= Augusta Subdivision =

CSX railroad line in the United States of America

The Augusta Subdivision is a railroad line owned by CSX Transportation in the U.S. states of Georgia and South Carolina. The line runs from CSX's A Line at Yemassee, South Carolina to Augusta, Georgia, for a total of 87.7 mi. At its north end it connects with Norfolk Southern Railway and CSX's McCormick Subdivision.

==History==
Track of the Augusta Subdivision was built in 1873 by the Port Royal Railroad. That same year, the company declared bankruptcy and the line was sold to the new Port Royal and Augusta Railway in 1878.

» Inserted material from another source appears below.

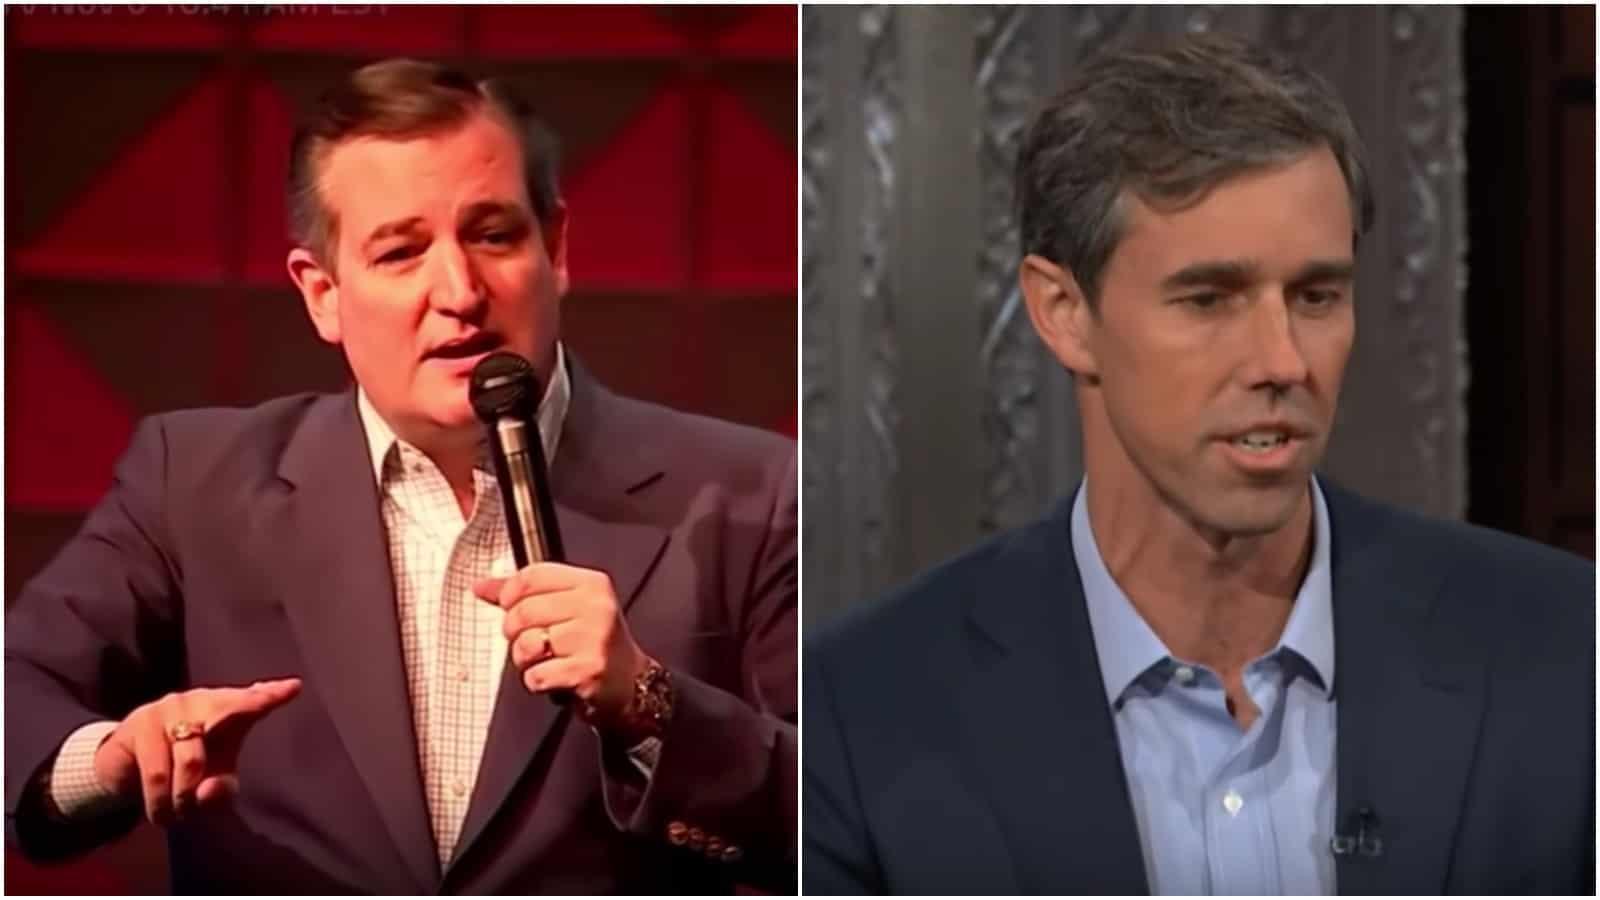 Ted Cruz, Beto O'Rourke, Texas, Senate

The Port Royal and Augusta Railway was operated as part of the Central of Georgia Railroad line until the South Carolina General Assembly forced the railroad to give up the lines. The Port Royal and Augusta Railroad became part of the Charleston and Western Carolina Railway in 1896.

The Atlantic Coast Line Railroad (ACL) took over the Charleston and Western Carolina Railway in 1897 but operated it as a subsidiary until 1959 when it was fully absorbed by the Atlantic Coast Line.

The Atlantic Coast Line became the Seaboard Coast Line Railroad (SCL) in 1967 after merging with their rival, the Seaboard Air Line Railroad (SAL). Under the Seaboard Coast Line's ownership, the line was designated as the Augusta Subdivision from Augusta to Robbins (which continued north to Florence, South Carolina along what was previously the ACL's Florence—Robbins Line). Track from Robbins to Yemassee was known as the Robbins Subdivision at the time. After track from Robbins north to Cope was severed in the 1980s, the Robbins Subdivision designation was retired and the Augusta Subdivision was used for the full line from Augusta to Yemassee as it is today. What remains of the former Augusta Subdivision north of Cope is now part of the Orangeburg Subdivision.

In 1980, the Seaboard Coast Line's parent company merged with the Chessie System, creating the CSX Corporation. The CSX Corporation initially operated the Chessie and Seaboard Systems separately until 1986, when they were merged into CSX Transportation who operates the Augusta Subdivision today.